29 août 2024
Idées Litige Un professionnel de la santé peut se voir refuser le paiement d’un acte posé et facturé à la RAMQ même s’il est conforme à l’état de la science et de son art
6 octobre 2020
Par Laurent Debrun
La Régie de l’assurance maladie (RAMQ) effectue une vérification aléatoire de 35 examens effectués durant une période de quatre ans par un optométriste. L’examen vise l’étude de la motilité oculaire. Après une enquête et analyse de ces 35 dossiers par la RAMQ, celle-ci en vient à la conclusion que 33 des 35 examens ne sont pas conformes au libellé du code de facturation prévu à l’entente intervenue entre le Ministère de la santé (MSSS) et l’Association des optométristes et que l’on retrouve dans le Manuel des optométristes. Toute la facturation du professionnel en lien avec cet acte est donc modifiée rétroactivement pour les 4 années antérieures afin de refuser plus de 90% de tous les actes facturés et de lui en réclamer le remboursement. Conformément à la Loi sur l’assurance maladie, un avis de différend est logé à l’encontre de la décision de la RAMQ devant un arbitre et deux assesseurs nommés par les parties. L’acte litigieux concerne l’évaluation de la motilité oculaire ce qui permet de qualifier et de quantifier la coordination binoculaire. C’est un acte diagnostique, pertinent chez des patients présentant une symptomatologie particulière (strabisme, diplopie etc.)

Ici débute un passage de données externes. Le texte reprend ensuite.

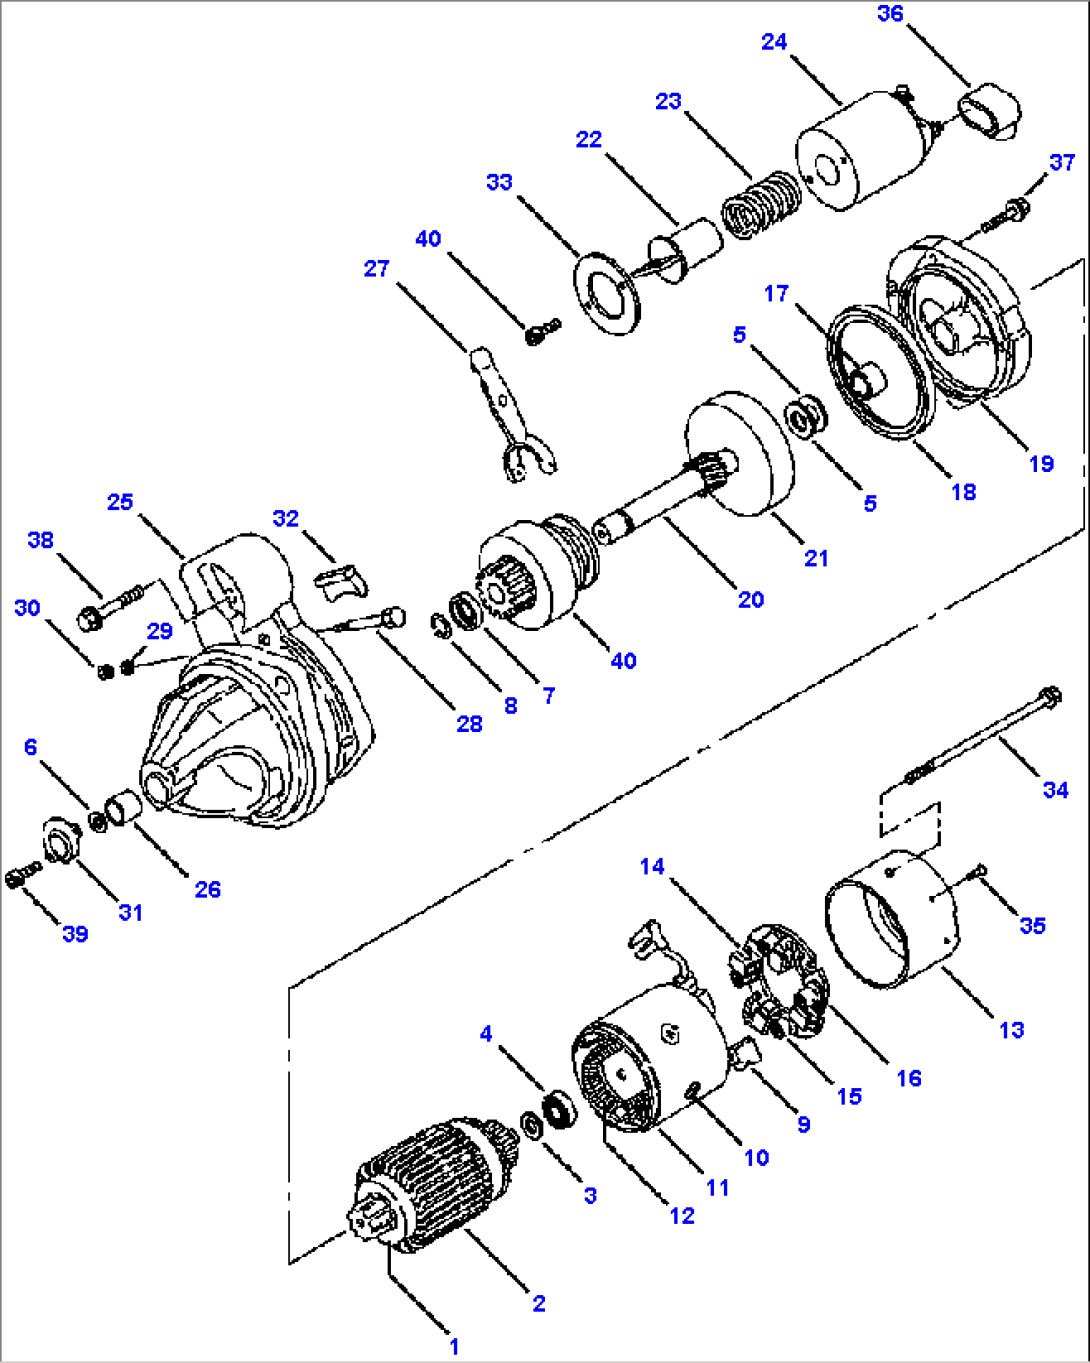 FIG. A0151-01A2 TIER II ENGINE - STARTER MOTOR

Selon la RAMQ, le code concernant l’étude de la motilité oculaire nécessite de mesurer les 3 degrés de fusion, soit la perception simultanée, la fusion et la vision stéréoscopique ainsi que la déviation. Plusieurs tests sont requis pour réaliser cette étude.
L’optométriste estimait qu’il n’était pas nécessaire de refaire certains tests concernant l’étude du troisième degré de fusion lorsque les résultats de l’analyse des deux premiers degrés indique qu’il n’y avait pas eu variation dans le temps; Il ne serait donc pas nécessaire de refaire d’emblée, à chaque examen, les tests de vision du troisième degré car il n’y aurait pas de pertinence clinique. La question est donc de savoir si un professionnel de la santé peut facturer à la RAMQ un acte alors qu’il estime qu’il l’a effectué conformément aux règles de l’art, compte tenu du besoin du patient, même si certains éléments contenus à la définition de l’acte codé ne furent pas réalisés car non pertinents selon l’opinion du professionnel?

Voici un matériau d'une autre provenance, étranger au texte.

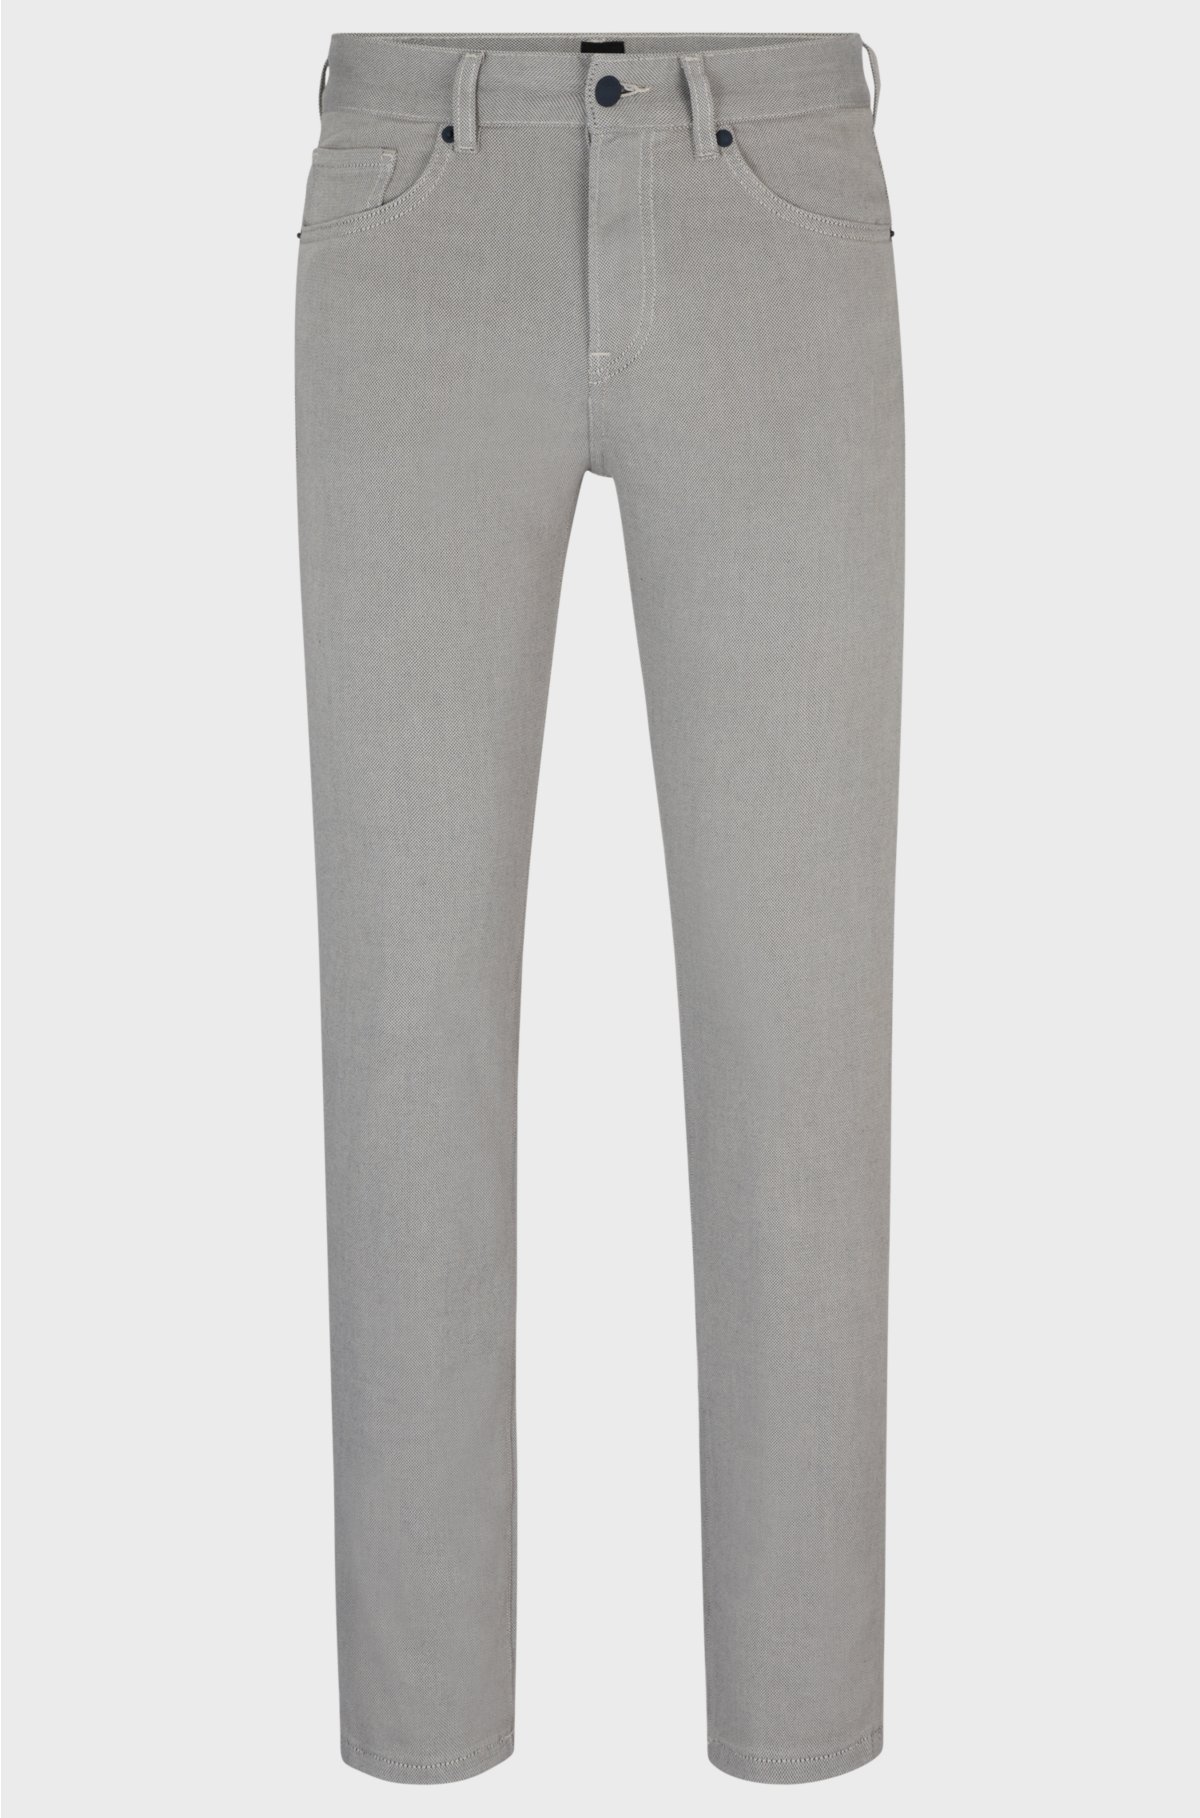 Regular-fit jeans in micro-structured denim, Grey

Le conseil d’arbitrage en vient à la conclusion que la RAMQ était en droit de récupérer du professionnel près de 95% des montants facturés sous ce code car le professionnel avait omis de réaliser certains tests incorporés à la définition du code et sans lesquels le professionnel n’avait pas le droit d’être rémunéré.
La décision peut surprendre. Selon le Conseil d’arbitrage, même si les règles de l’art changent et qu’un des éléments inclus dans la définition d’un code vient à devenir désuet ou non requis médicalement, le professionnel ne peut réclamer paiement du code s’il ne pose pas tous les gestes décrits dans le tarif. La RAMQ ne tient pas compte de la qualité de l’acte, ce rôle incombe à l’ordre professionnel compétent. La RAMQ est un organisme payeur qui est chargé de veiller à ce que les actes facturés par les professionnels soient conformes au libellé de l’acte négocié entre les parties prenantes. En d’autres mots, si un code de facturation est défini comme nécessitant l’examen de 4 éléments et que le professionnel, en son for intérieur et appuyé de sa science, estime chez un patient que l’acte ne nécessite que l’étude de 3 des 4 éléments, il peut se voir refuser le paiement de l’acte purement et simplement.

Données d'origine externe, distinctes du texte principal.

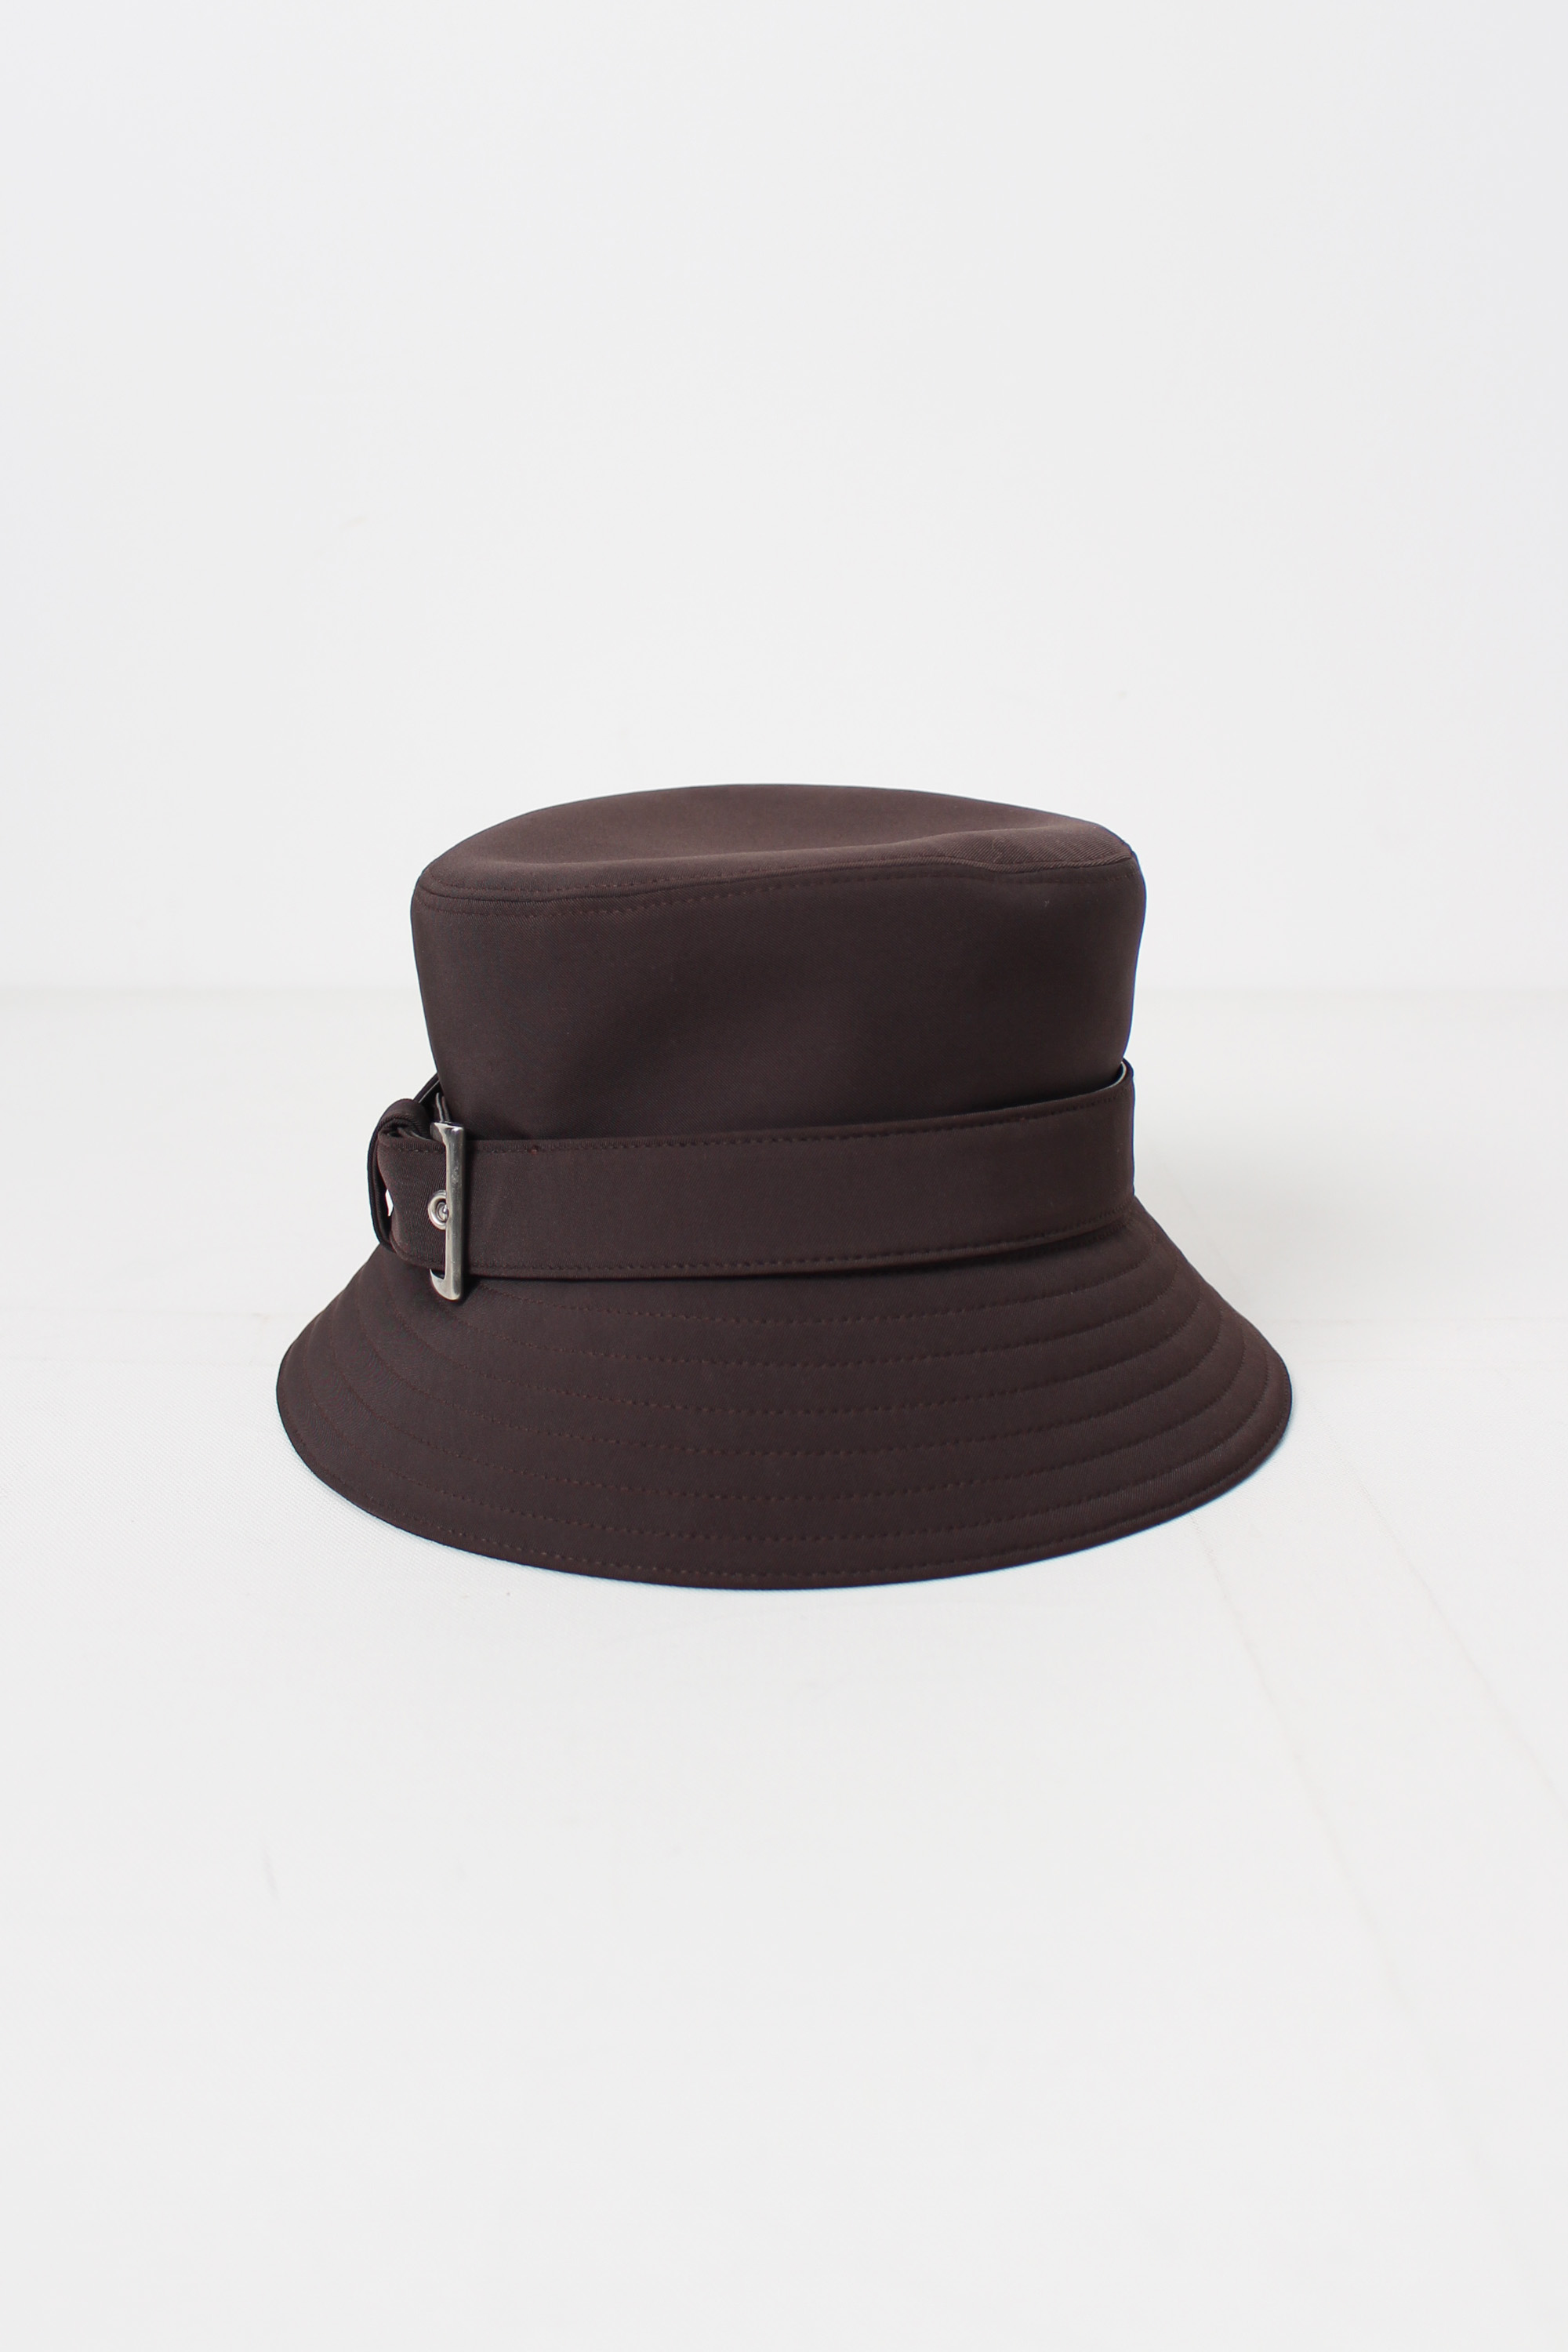 PRADA bucket hat

La solution, selon le Conseil d’arbitrage, réside dans la modification du libellé du code, par négociation entre l’Association et le MSSS, afin qu’il reflète l’état de la science. Tant que ceci ne sera pas fait, pour être payé, le professionnel doit, soit s’abstenir de facturer la RAMQ, soit réaliser tous les tests et examens visés dans le libellé du code sans égard au fait qu’il peut estimer ces gestes non requis médicalement. Pour l’arbitre, le Manuel est semblable à une convention collective et, si la disposition est claire, elle ne doit pas être interprétée mais appliquée rigoureusement. Modifier le sens clair de la disposition au motif que ceci cadrerait avec les exigences scientifiques de l’ordre professionnel et des normes de la pratique serait une incursion illégale dans le texte de la loi habilitante et du Manuel.
Un choix dantesque pour les professionnels de la santé.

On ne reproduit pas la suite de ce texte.